Present a poster and a talk at the iGEM Jamboree.At least one new standard BioBrick Part or Device:
- BBa_K1022100, BBa_K1022101, BBa_K1022102, BBa_K1022103, BBa_K1022102, BBa_K1022109, BBa_K1022114, BBa_K1022116, BBa_K1022117, BBa_K1022118
Silver
Experimentally validate that at least one new BioBrick Part or Device of your own design and construction works as expected.
- Pt7 His Sumo peptide constructs (BBa_K1022101, BBa_K1022102, BBa_K1022103), BBa_K1022116, Pbad Ulp PT7 His Sumo peptide constructs (BBa_K1022117, BBa_K1022118)
Document the characterization of this part in the “Main Page” section of that Part’s/Device’s Registry entry.
- This is done for all the above mentioned parts.
Submit this new part to the iGEM Parts Registry.
Your project may have implications for the environment, security, safety and ethics and/or ownership and sharing. Describe one or more ways in which these or other broader implications have been taken into consideration in the design and execution of your project
- All these aspects have been taken into consideration, this is explained on this human practice page.
Gold
Improve the function of an existing BioBrick Part or Device, enter this information in the Registry, create a new registry page for the improved part, and submit this part to the iGEM Parts Registry.
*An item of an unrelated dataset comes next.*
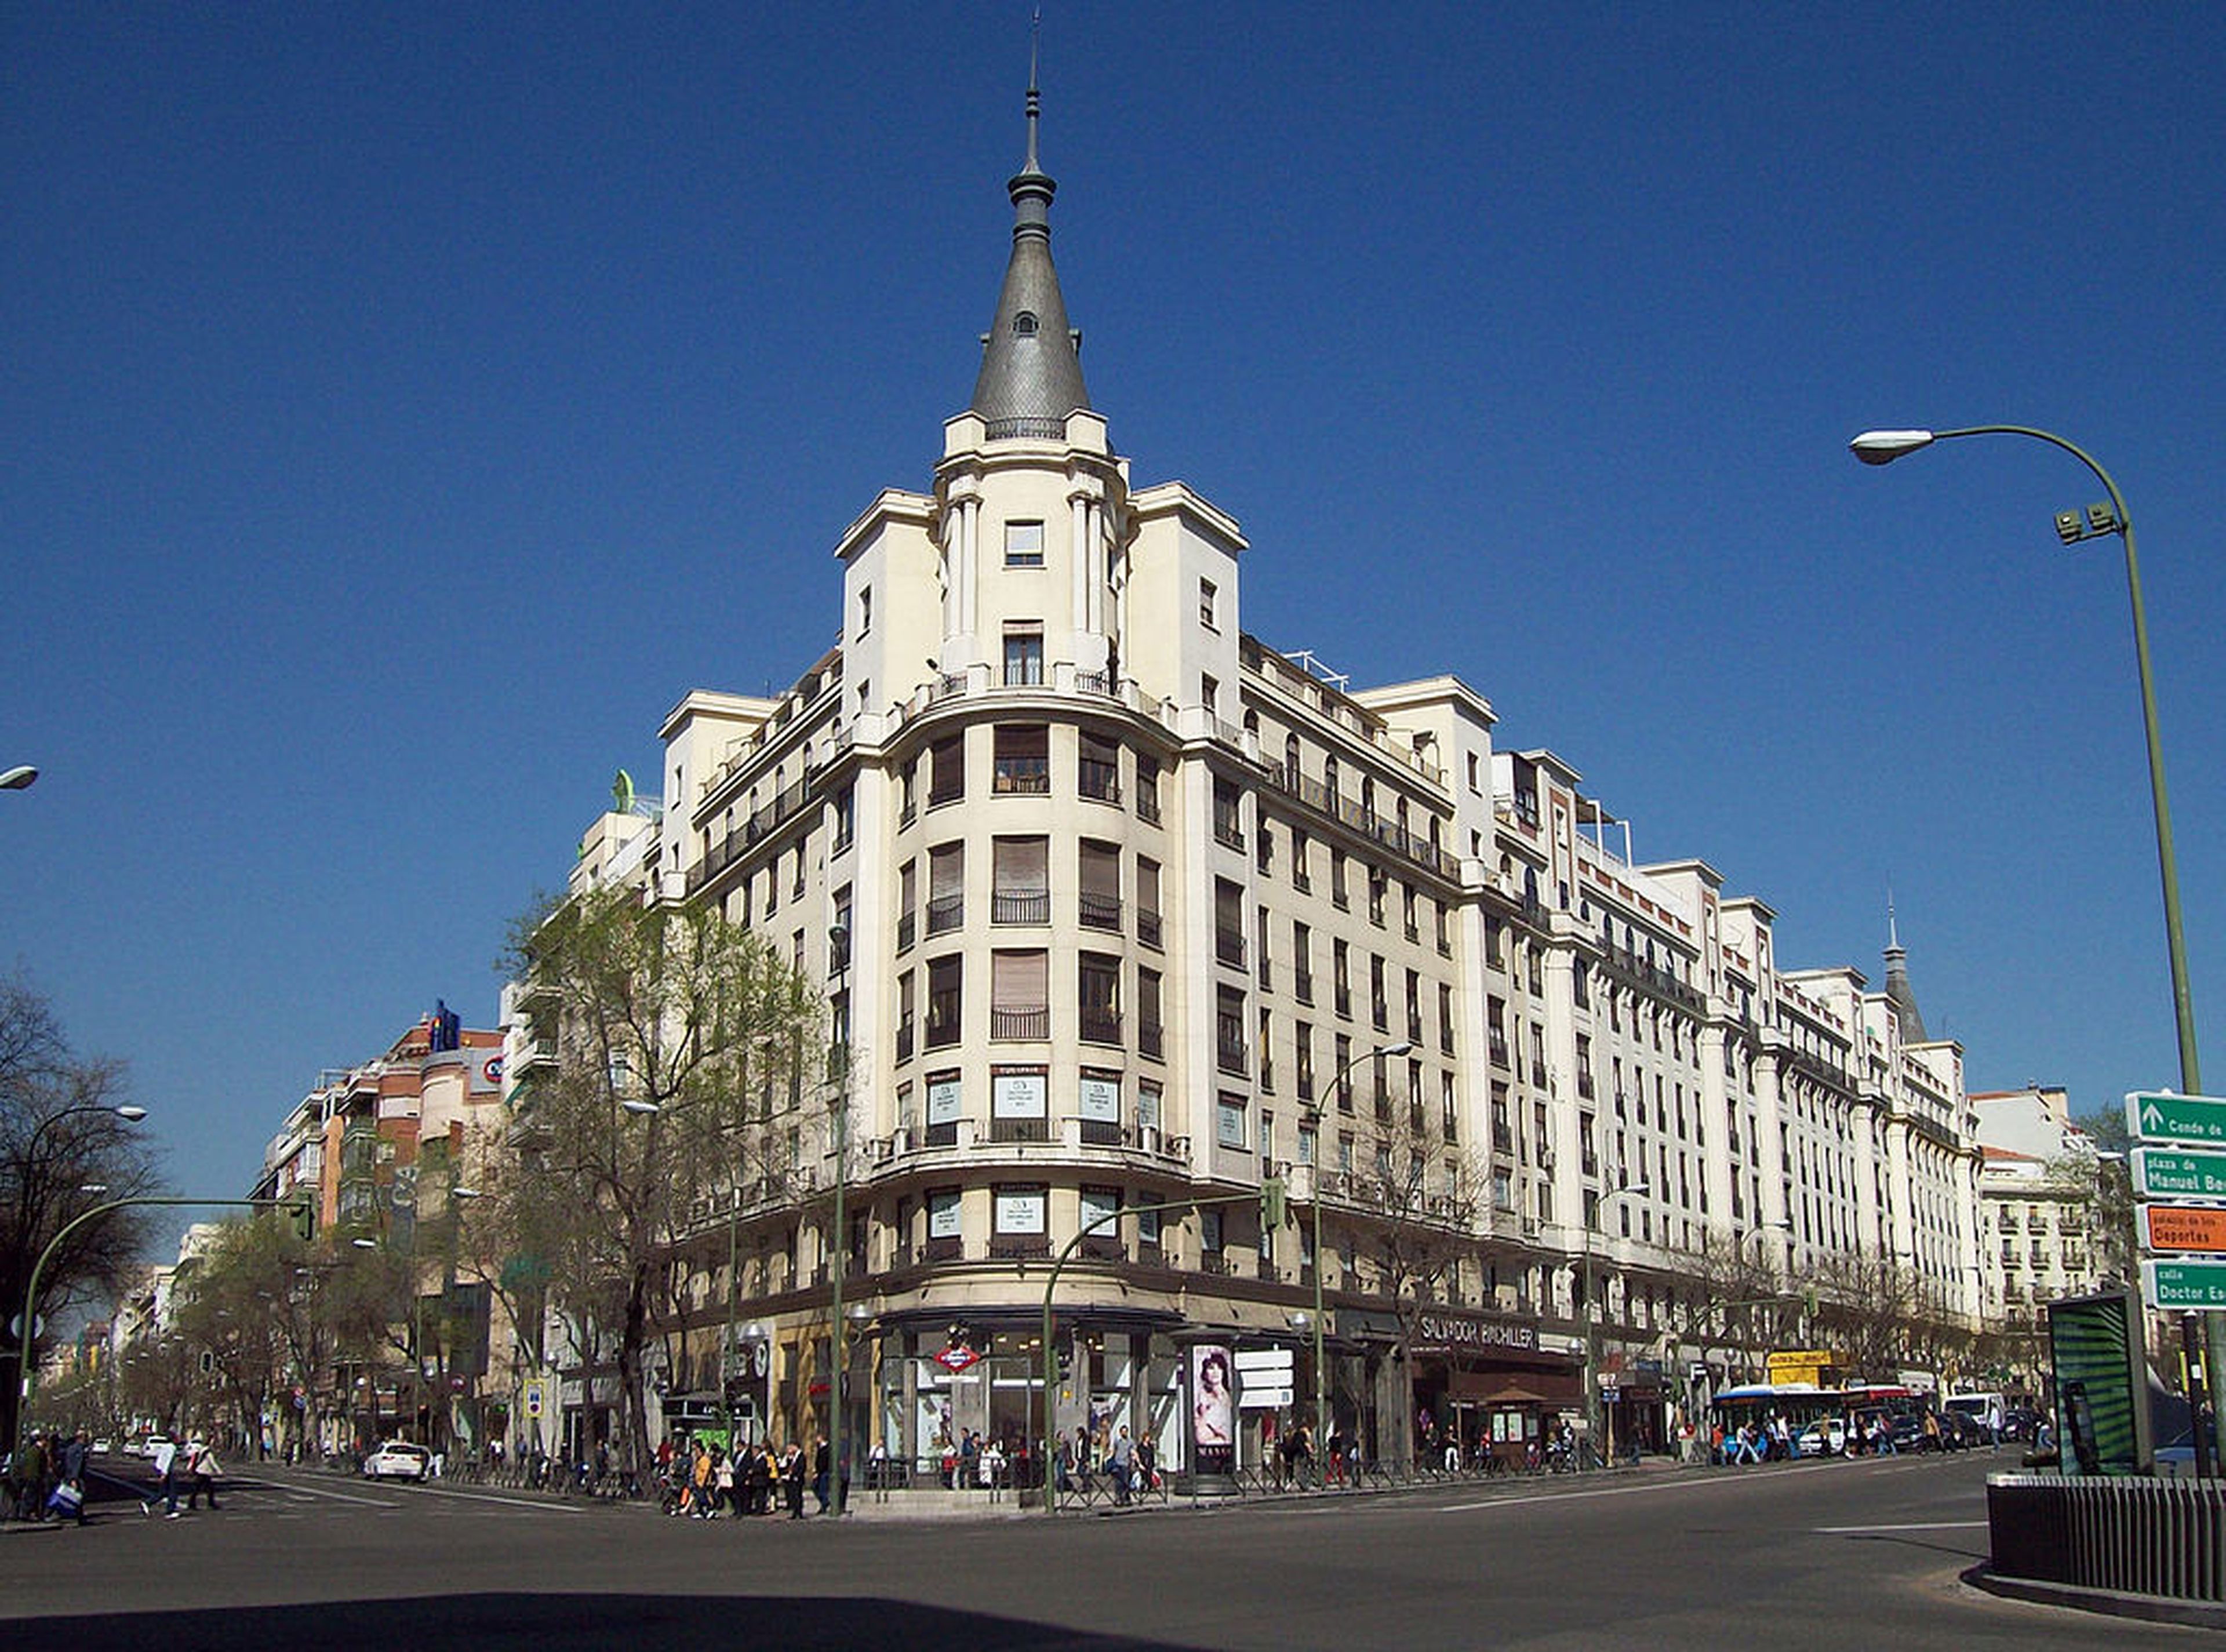 Barrio salamanca, Madrid
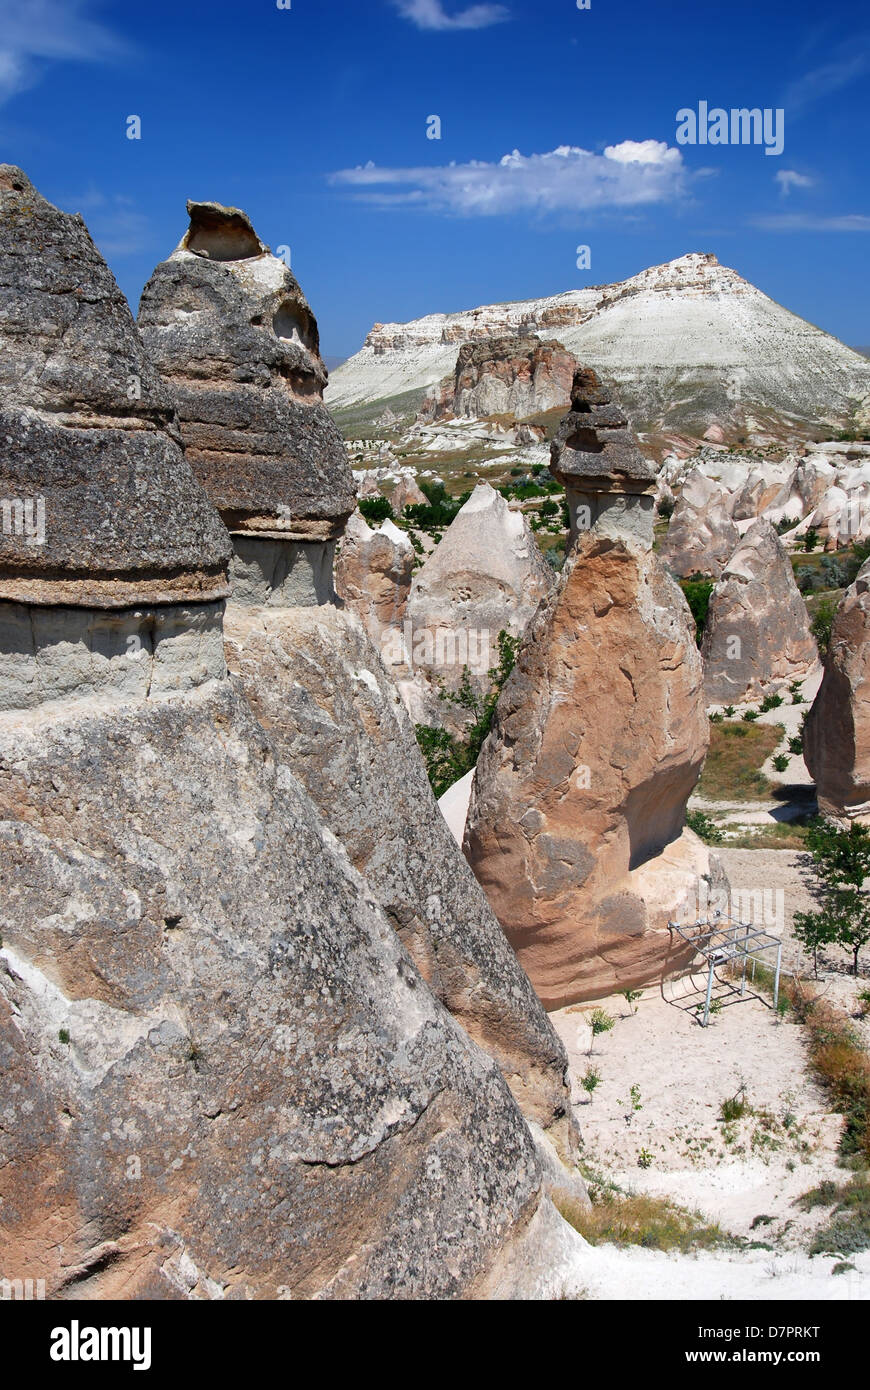 Vulcanic landscape in Cappadocia with columns and cones, near Zelve (Goreme region). Anatolia, Turkey Stock Photo

- The AIP receiver characterization with the Pbad inducible promoter (BBa_K1022100), lysis cassette inducible with Pt7 (BBa_K1022114), improvement on the lysis cassette (BBa_K1022109)
We collaborated with:
- Norwich iGem Team: we sent them the soil samples that were taken from Botanical Garden of TUDelft
- Purdue iGem Team: we sent them the biobricks from TUDelft iGem Team of 2012
Your project may have implications for the environment, security, safety and ethics and/or ownership and sharing. Describe a novel approach that your team has used to help you and others consider these aspects of the design and outcomes of synthetic biology efforts.
- Two novel approaches have been taken on human practice, the design of the Zephyr and the design of new antimicrobial peptides. This is explained further on this human practice page.